Por Rodrigo Ovejero
Décimo Septima Entrega
Desde que arranqué esta columna estaba esperando escribir sobre la paciencia. De hecho, ya no podía esperar. Me gustaría empezar intentando una definición y -fiel a mi costumbre- fallando. La paciencia es el elogio de la inacción, una virtud que debería ser fácil de alcanzar, porque consiste en no hacer nada. Sin embargo, paradójicamente, no hacer nada es difícil.
Este mundo moderno pone a prueba nuestra paciencia, todo debe ser inmediato, en cualquier ámbito o disciplina. La espera parece ser el enemigo mortal del ser humano contemporáneo. A pesar de que la expectativa de vida ha aumentado considerablemente en los últimos cien o doscientos años, cada día que pasa parece que tenemos menos tiempo que perder. Damos a la instantaneidad una importancia suprema, y eludimos las instancias de espera para ponernos a hacer otra cosa igualmente inútil en su lugar.
La fobia a la espera nos ha llevado a crear espacios acondicionados para hacerla más tolerable, lugares de tonos pastel decorados con cuadros de paisajes bucólicos, pensados para bajar nuestros niveles de impaciencia. A eso le sumamos atenuantes como la música de sala de espera o de ascensor, un género difuso que empezó monopolizado en las décadas del ochenta y noventa por Kenny G y demás saxofones amables y genéricos para abarcar, a la fecha, a grupos como Coldplay o Keane, en el convencimiento de que nadie va a sucumbir a un ataque de ansiedad y empezar a revolear sillas al ritmo de Yellow.

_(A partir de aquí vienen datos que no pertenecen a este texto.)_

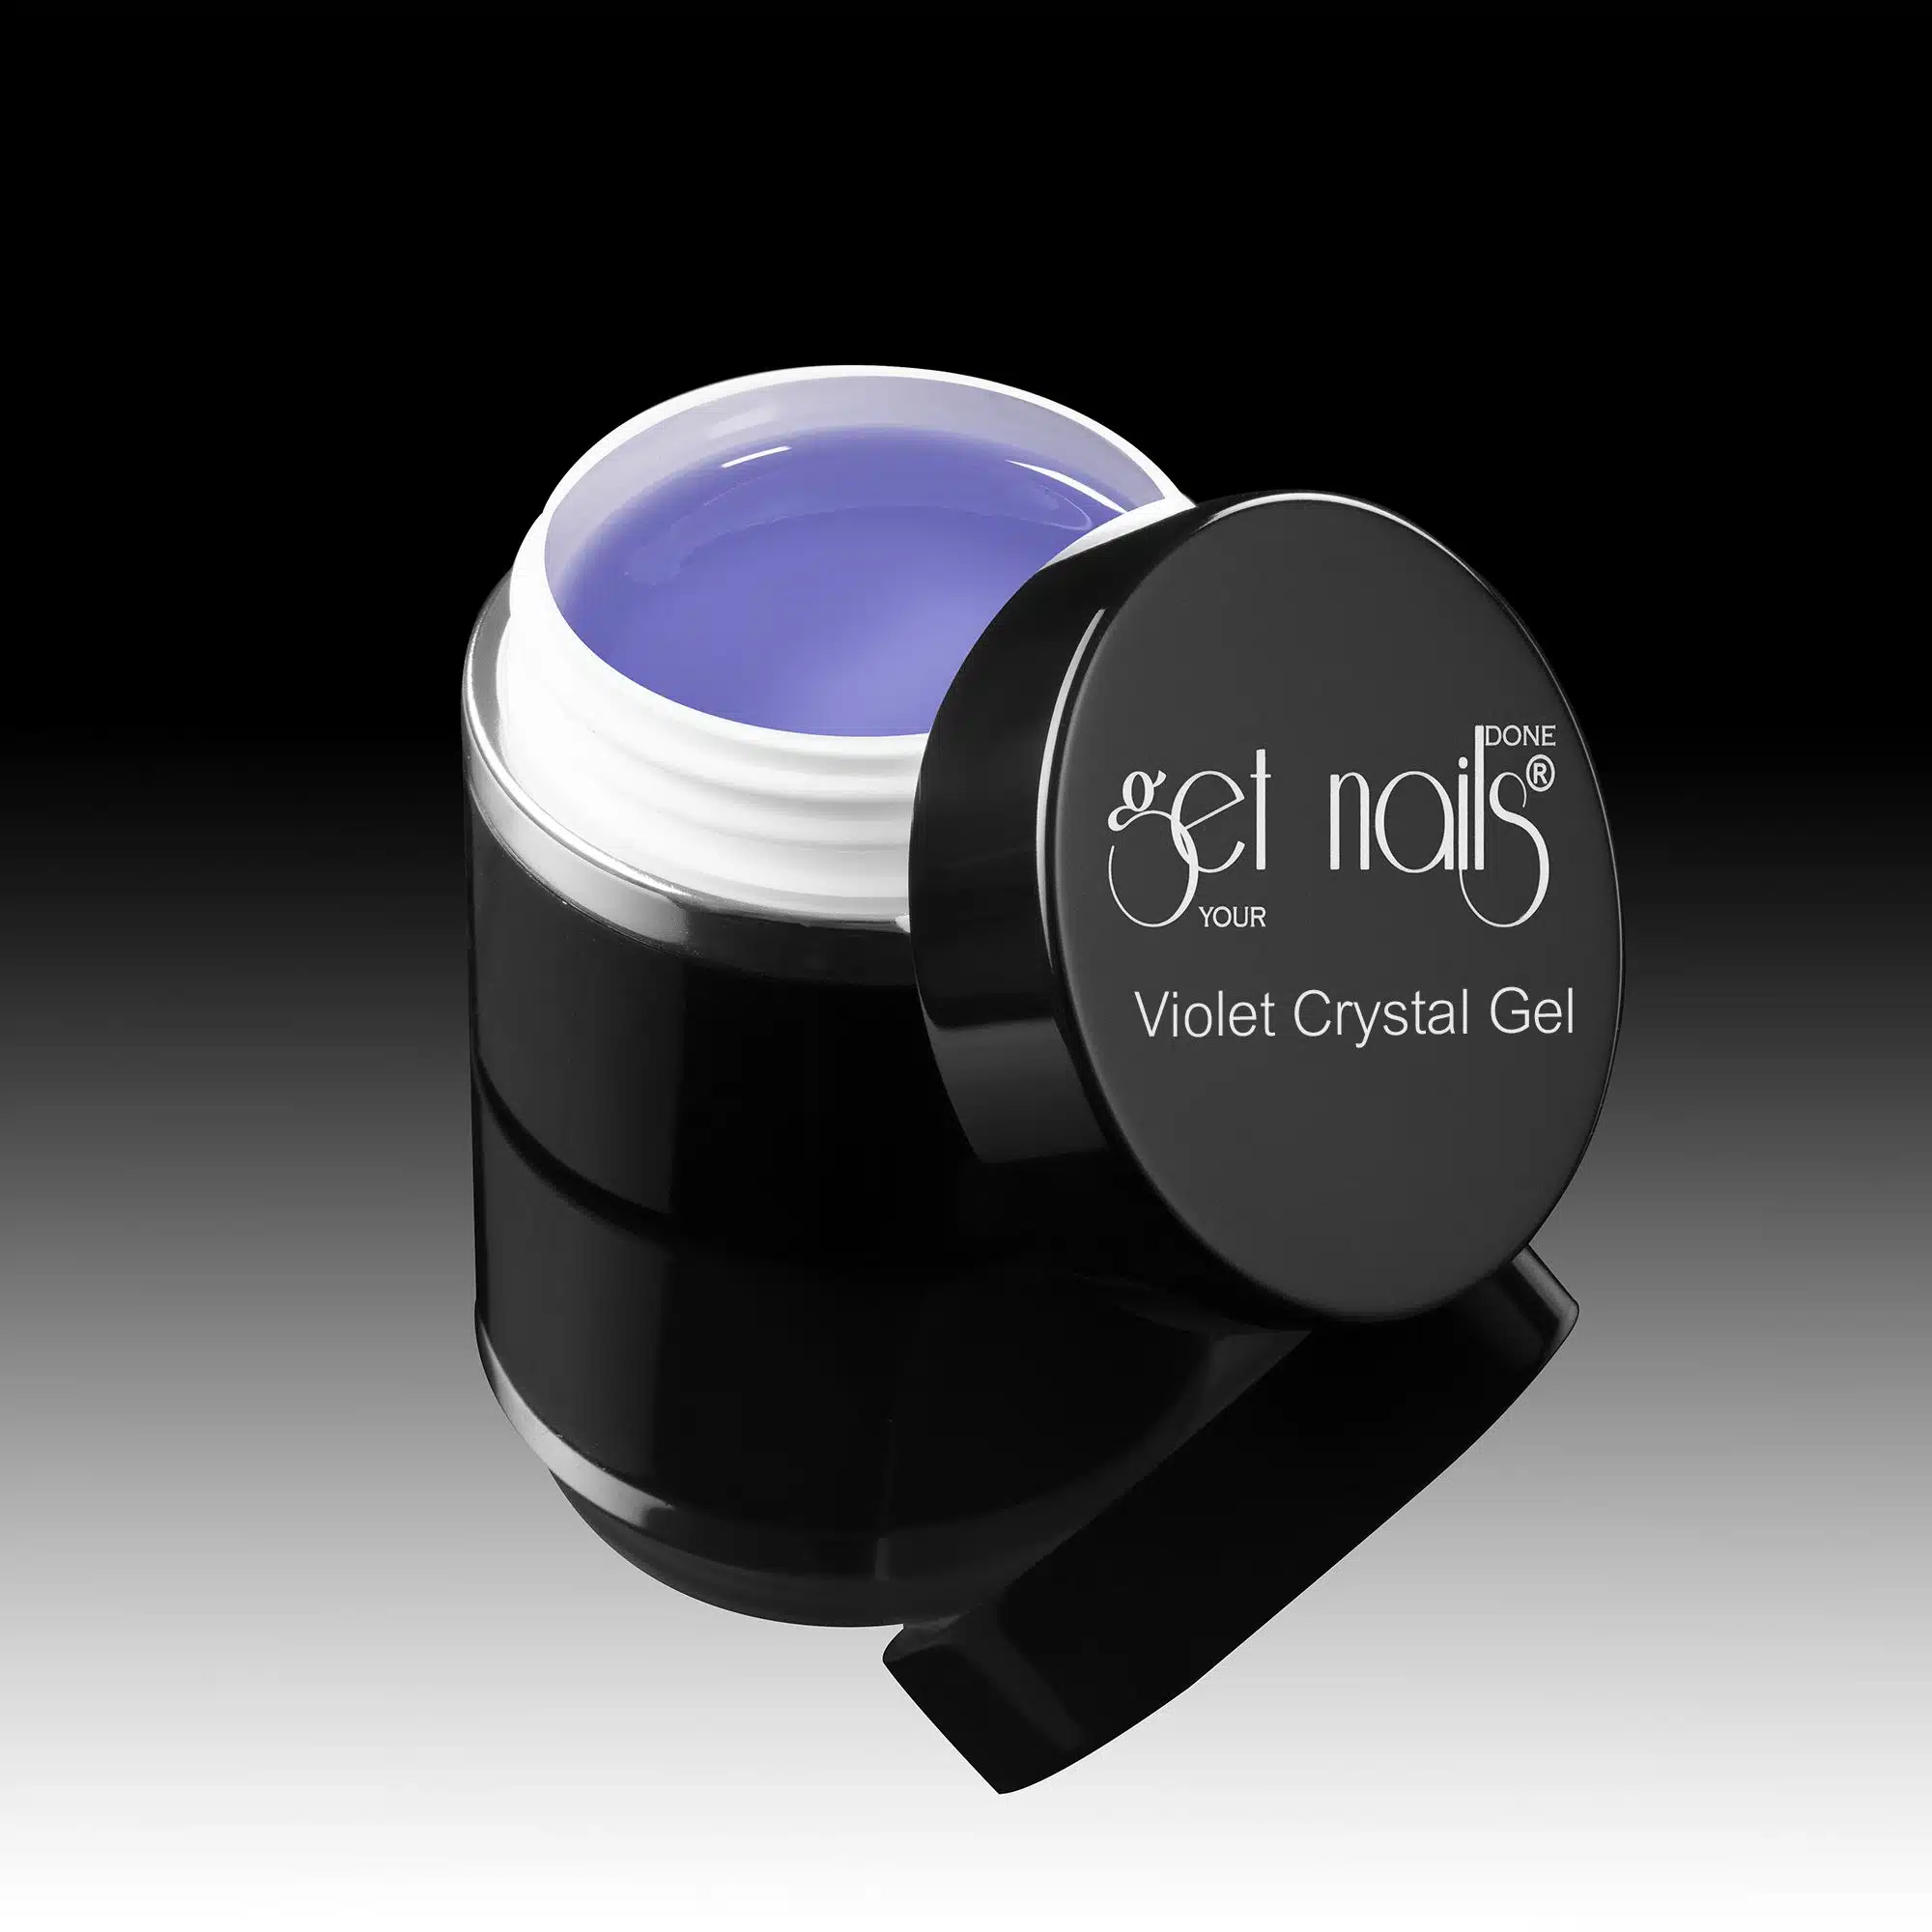 Get Nails Austria - 3 in 1 Violet Crystal Gel 50g

La paciencia va perdiendo la batalla ante la modernidad incluso en actividades que deberían caracterizarse por la necesidad de, justamente, paciencia. Conozco personas que no leen libros largos porque no soportan la espera hasta el próximo, les urge cambiar de historia y de personajes rápidamente. Otras personas refieren que no ven series porque no pueden comprometerse a largo plazo con la misma historia, los agobia tener que esperar años para saber cómo termina algo que les interesa. Me atrevo a decir que no hay mal más contemporáneo que la ansiedad.
En el colmo de la impaciencia, se nos insta incluso a pasar por alto nuestros procesos biológicos para no perder tiempo. Aspirinas, analgésicos, antinflamatorios y demás remedios no solo publicitan su capacidad para curar, sino también, con igual énfasis, su capacidad para hacerlo rápido, para ponernos en movimiento lo antes posible, para acortar al máximo los plazos en reposo. Ya no podemos esperar, aunque nuestra salud esté en juego. Lo mejor que podemos hacer, para entrenar la paciencia, es aguardar por eventos cuyo acaecimiento no es intervenido de manera alguna por nuestra voluntad. Que no nos quede otra opción que esperar. Por ejemplo, si no hemos tenido la suerte de ver el cometa Halley en su última aparición por el cielo en 1986, un buen ejercicio -y que además podemos hacer todos juntos- es esperar hasta 2062 para echarle un vistazo. Voy a sugerir, a estos efectos, que busquemos una silla cómoda.